According to the approved plan, the Hainan FTZ will see a significant relaxation of market access for foreign firms in sectors ranging from agriculture to healthcare.

There are also plans to make the zone an international tourism and shopping hub, as well as offer services and support for the Belt and Road Initiative, China's ambitious plan to revive ancient trading routes on land and sea.

Refuting earlier media reports that there could be plans to build a casino on the island known for its tropical weather and sandy beaches, a local official said there was no such plan.

"No, there is no plan for a casino," Ms Kang Baiying, deputy director-general of Hainan's Foreign and Overseas Chinese Affairs Office, told The Straits Times on Wednesday (Oct 17).
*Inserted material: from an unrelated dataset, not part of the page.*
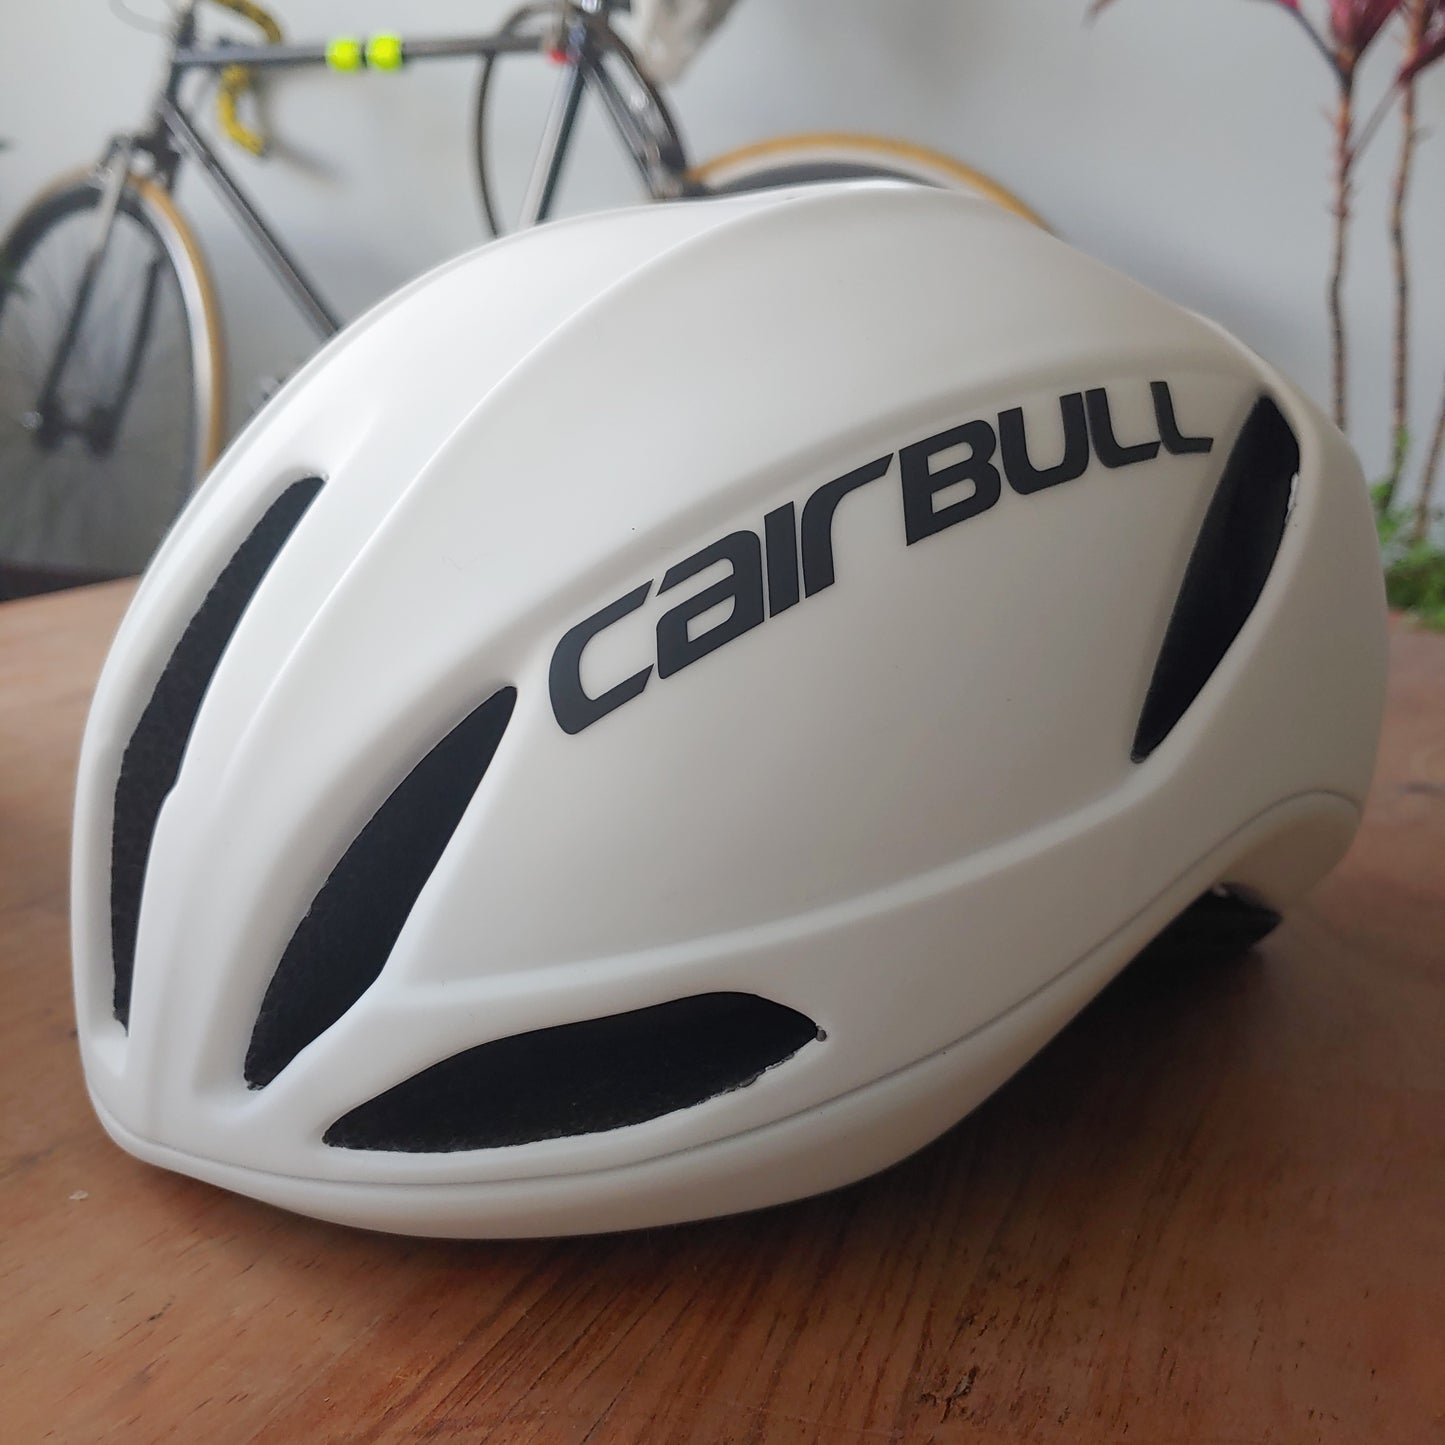 Casco Cairbull de carreras aerodinámico blanco con gafas para ciclismo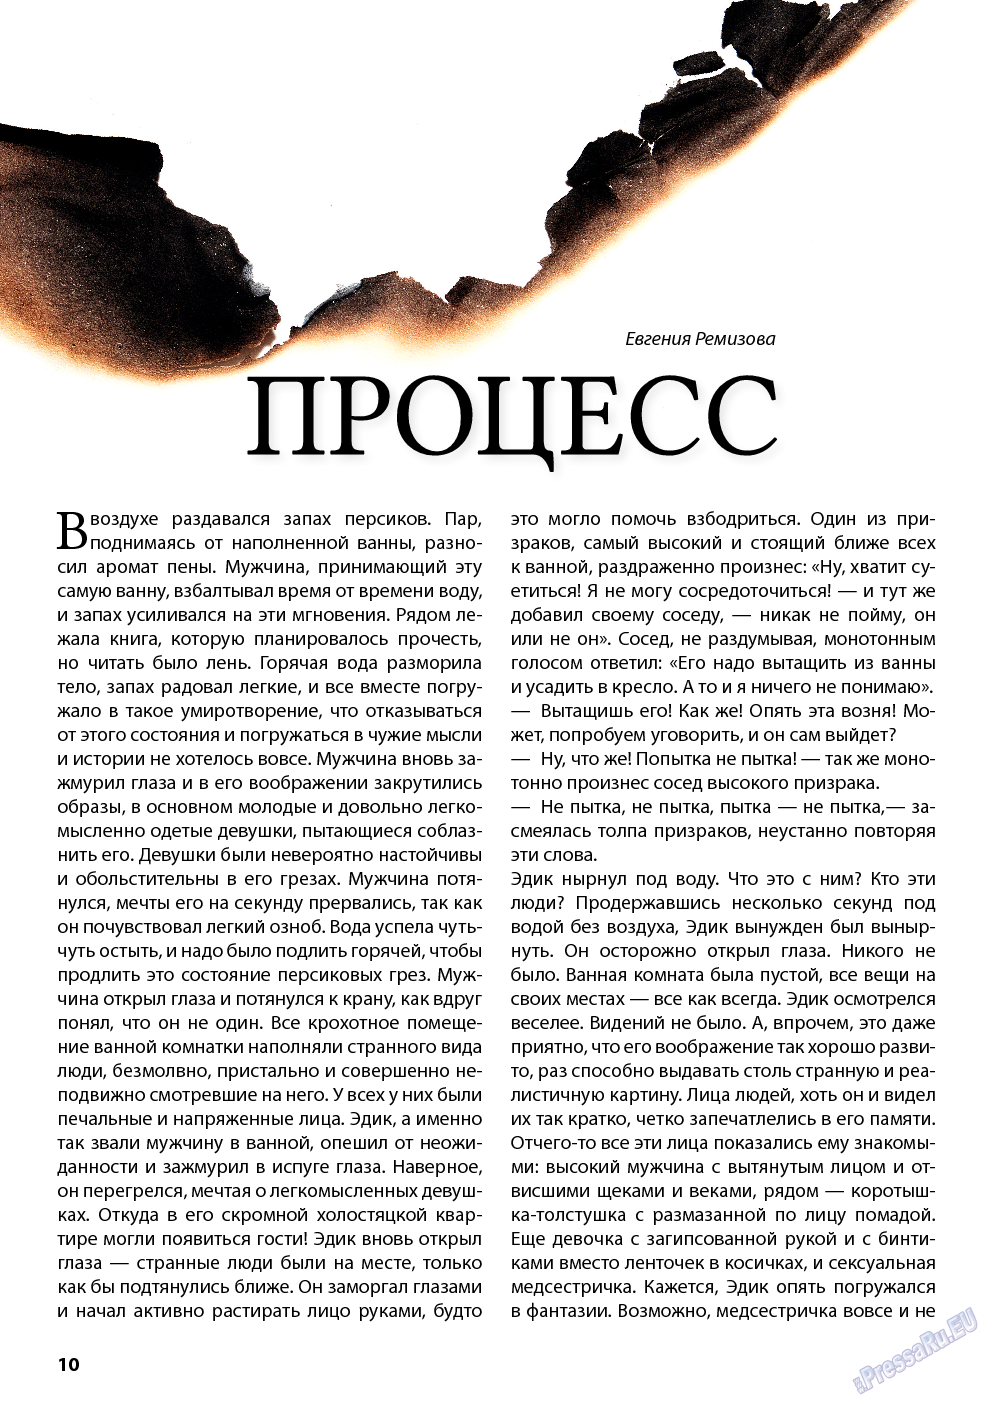 Wadim, журнал. 2013 №11 стр.10

Her comments came after the province's leader was reported as saying that the government would not allow gambling or horse-racing on the island.

"Some online comments about opening casinos, allowing gambling and horse-racing, or copy from capitalism and adopt overall private ownership, are divorced from China's reality and (they are) resolutely not allowed," Hainan's community party chief Liu Cigui was quoted as saying by the Hainan Daily.

Bloomberg reported in February that China was considering allowing sports betting or a lottery in Hainan in a move that could open the door to casinos and make the province an alternative to Macau, currently the only place in China where casino gambling is permitted.

The announcement would come as no surprise to most observers.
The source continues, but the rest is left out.